"Virtually every major graphics board vendor has been in the PC Labs doghouse at sometime over the past several years, including ATI, Diamond, Matrox, and Number Nine. They weren't cheating; let's just say they were trying to push their advantages a bit too far." Bill Howard. 'Frontiers of Benchmark Testing'. PC Magazine, June 25th 1996.
Michael M, Editor-in-Chief of PC Magazine was looking at the executive report on the latest graphics benchmarks which were to appear in the June 29th issue. As he got deeper into the summary, his face took on a baffled look. He picked up the phone to call Bill M, Vice President for Technology, and asked him to come by his office with the detailed test results. Five minutes later, they were pouring over the data on Bill's laptop.

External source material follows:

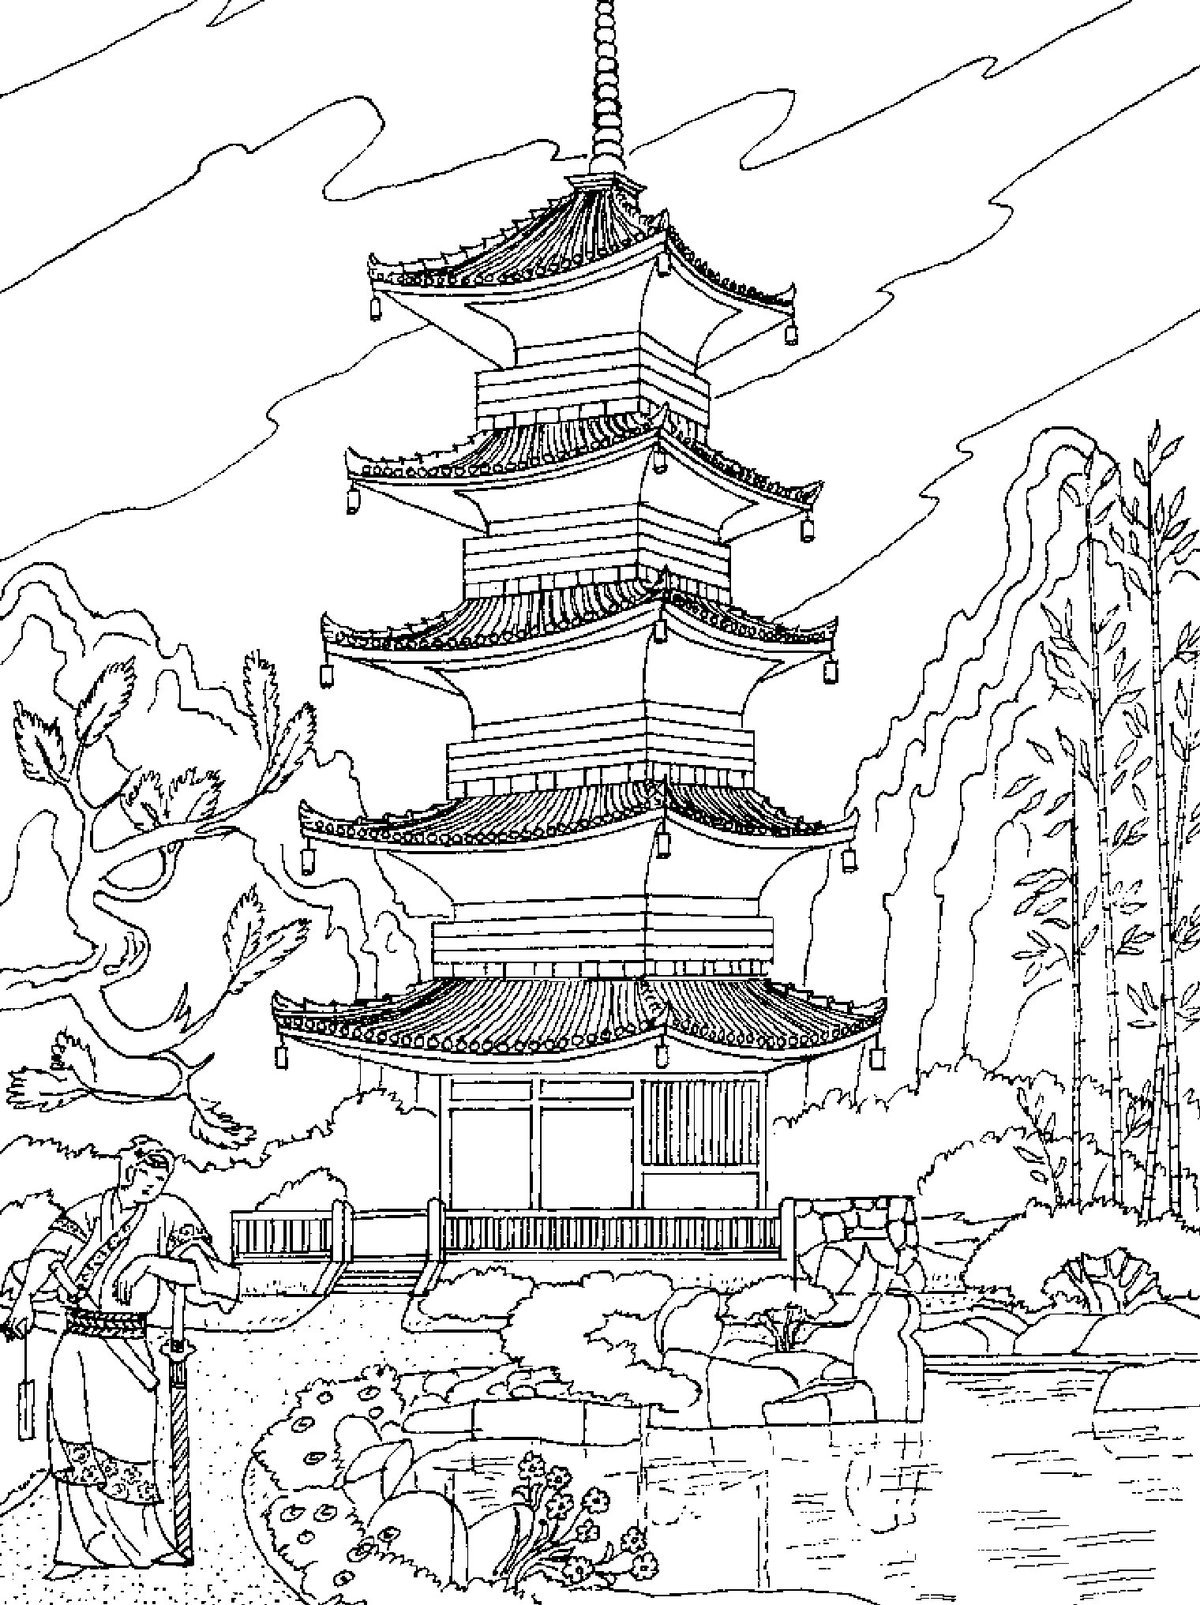 Иллюстрация буддистский храм в Японии

What had Michael so puzzled was the Graphics Winmark score of the WinBench performance test for the Pegasus Plumbago card - its top score outperformed the nearest competitor by enough of a margin that it raised a red flag because the informal hands-on tests Michael had done with real applications on the testing machines had given the impression of middle-of-the-road performance. Again he wished that there was a way to produce meaningful test scores using application-based testing; past experiments had shown however that such testing is very susceptible to variations in software version and program modules used. Hence PC Magazine had developed a symthetic test which repeatedly runs through some of the common graphics functions supported by MS Windows. Programs have to use this API since the multi-tasking Windows operating system doesn't allow them to write directly to the display. The benchmark then reports a weighted-average of these iterations as a single score which the lab hoped was a good approximation of in depth performance.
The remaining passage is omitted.